• What you have to do:
Going through the material below, output exactly the lines from the one containing "アパートのゴミ屋敷問題とは?原因・リスク・対処法を詳しく解説!" through the one containing "Aceite de girasol refinado y winterizado", and no pictures.
=== Information given ===
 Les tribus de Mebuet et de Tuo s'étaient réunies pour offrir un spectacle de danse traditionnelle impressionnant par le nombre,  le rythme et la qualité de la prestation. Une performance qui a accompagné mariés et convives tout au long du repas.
===
=== Information given ===
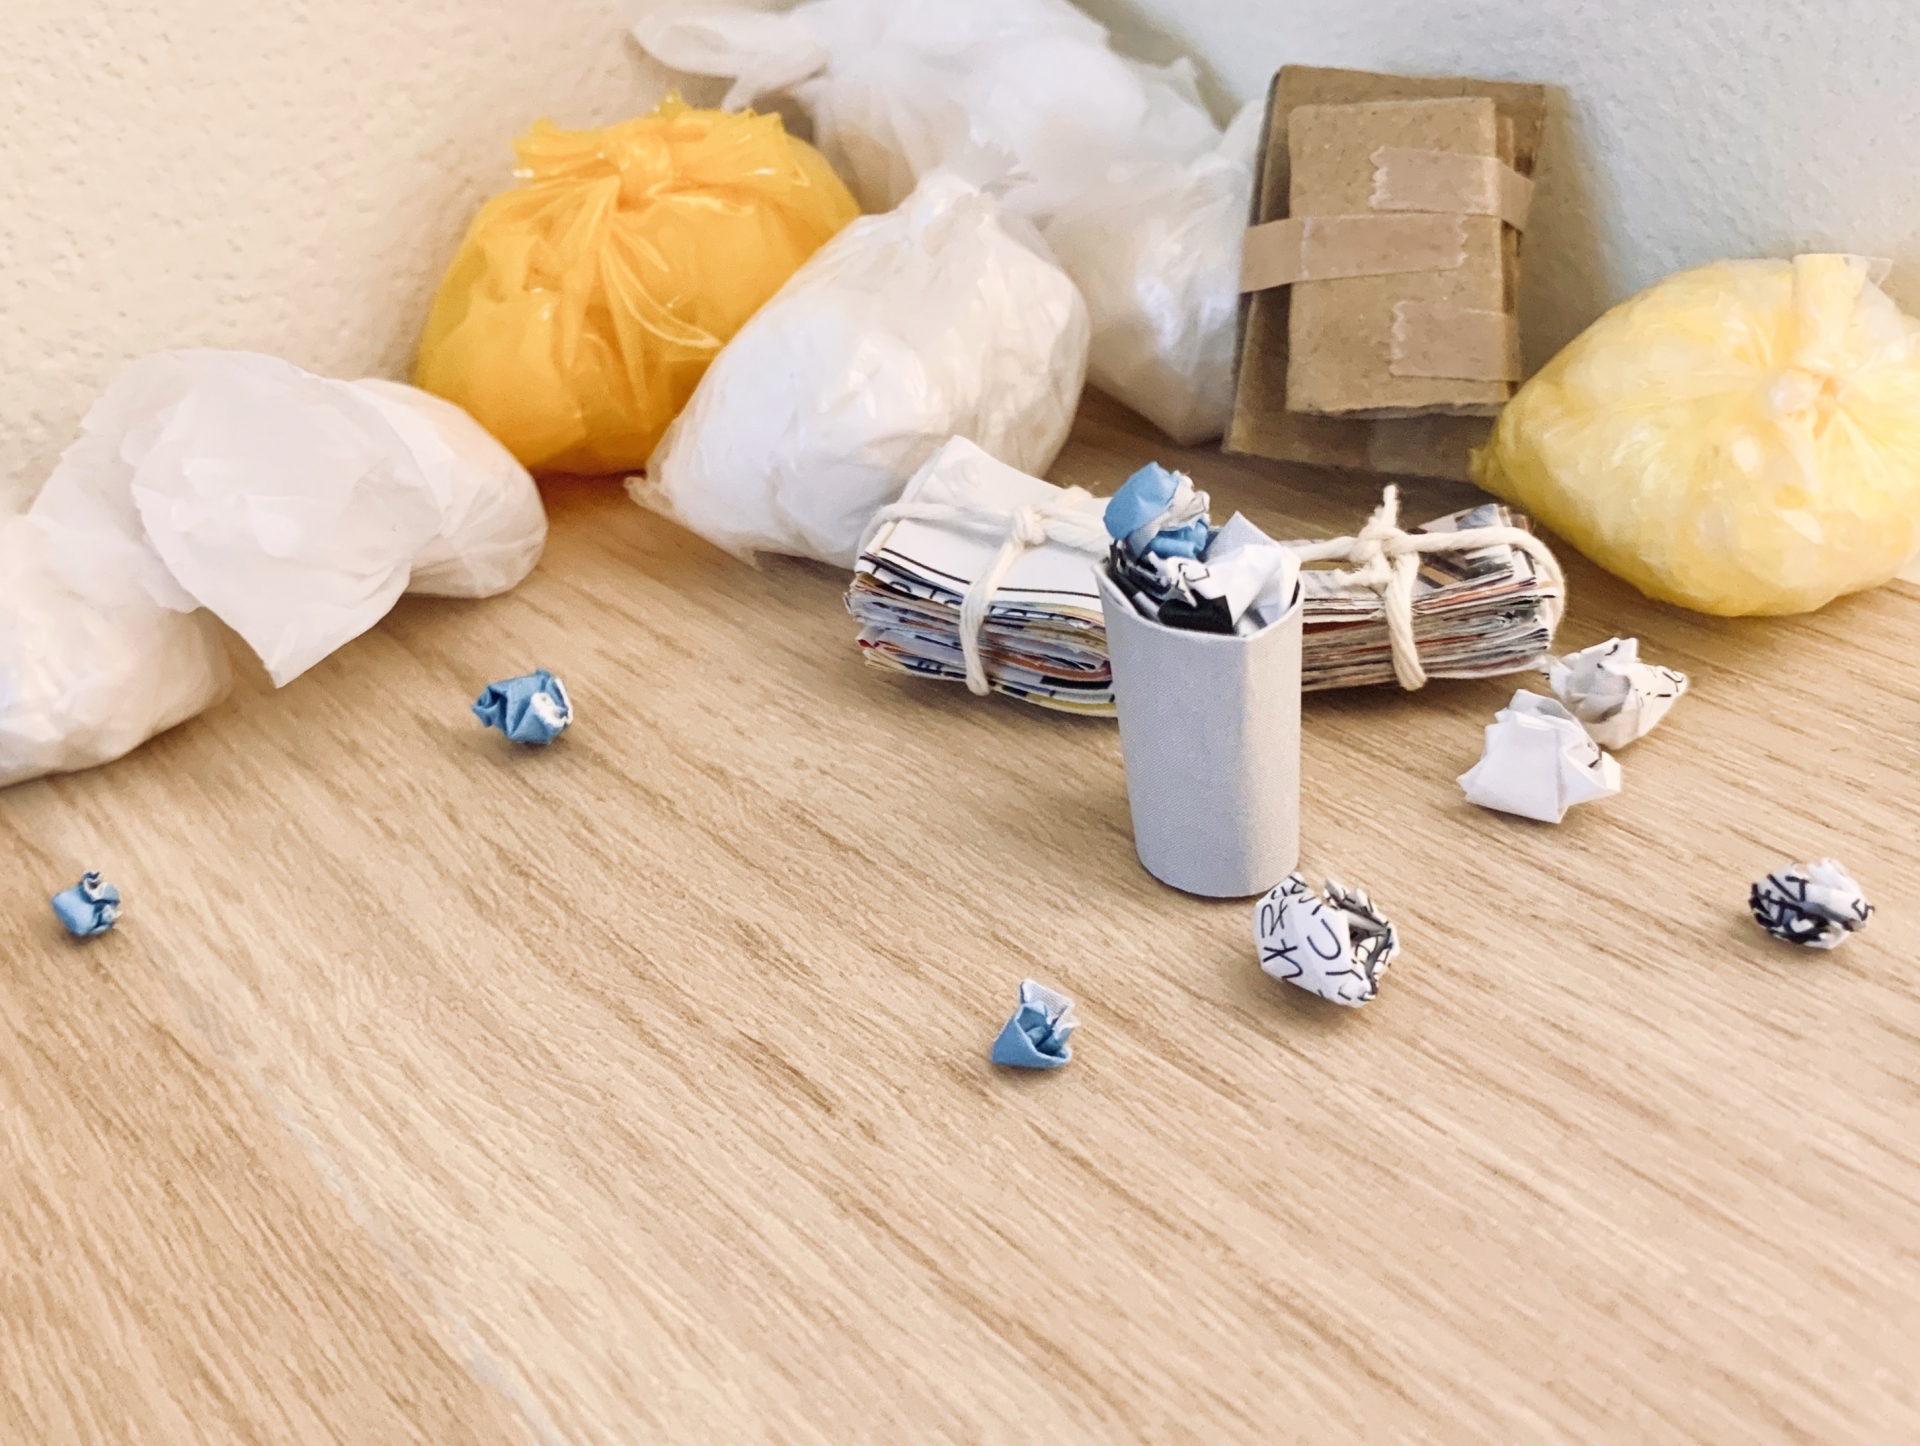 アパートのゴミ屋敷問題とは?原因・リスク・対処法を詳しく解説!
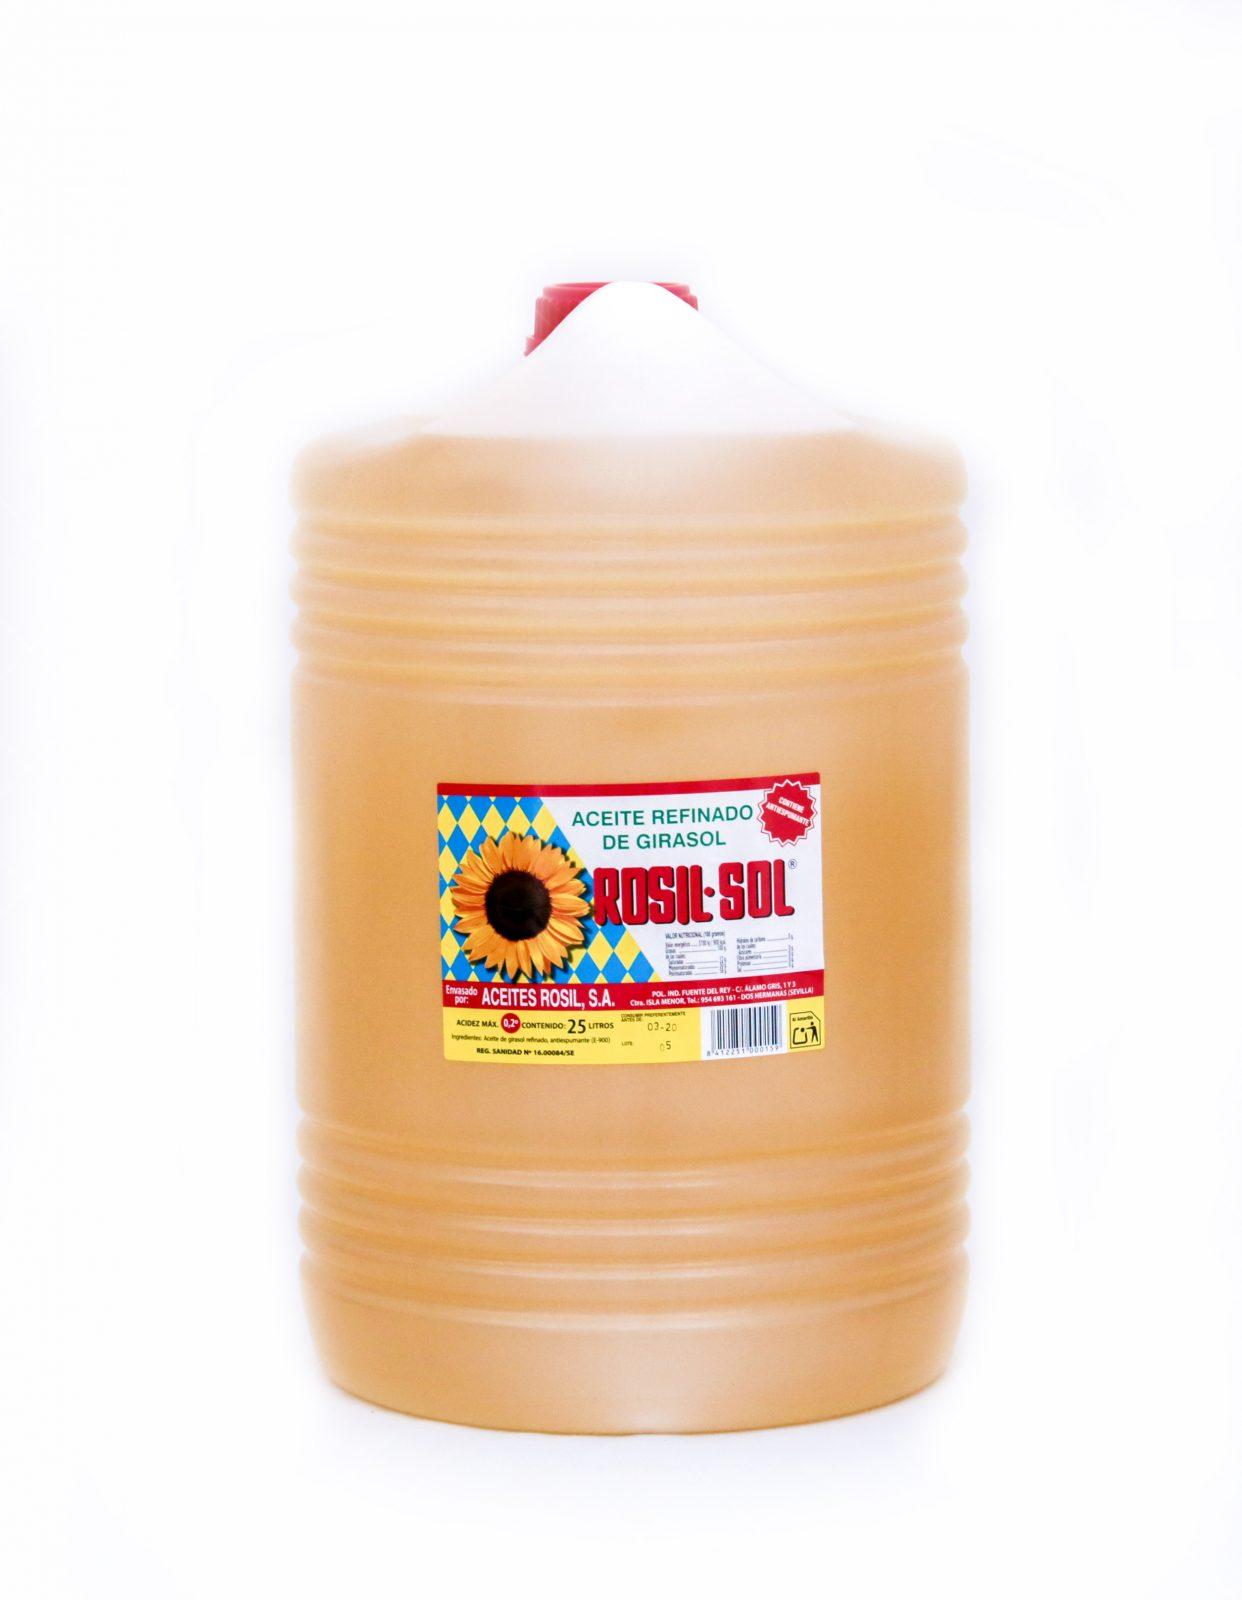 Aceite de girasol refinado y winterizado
===
• Answer space:
 アパートのゴミ屋敷問題とは?原因・リスク・対処法を詳しく解説!
 Aceite de girasol refinado y winterizado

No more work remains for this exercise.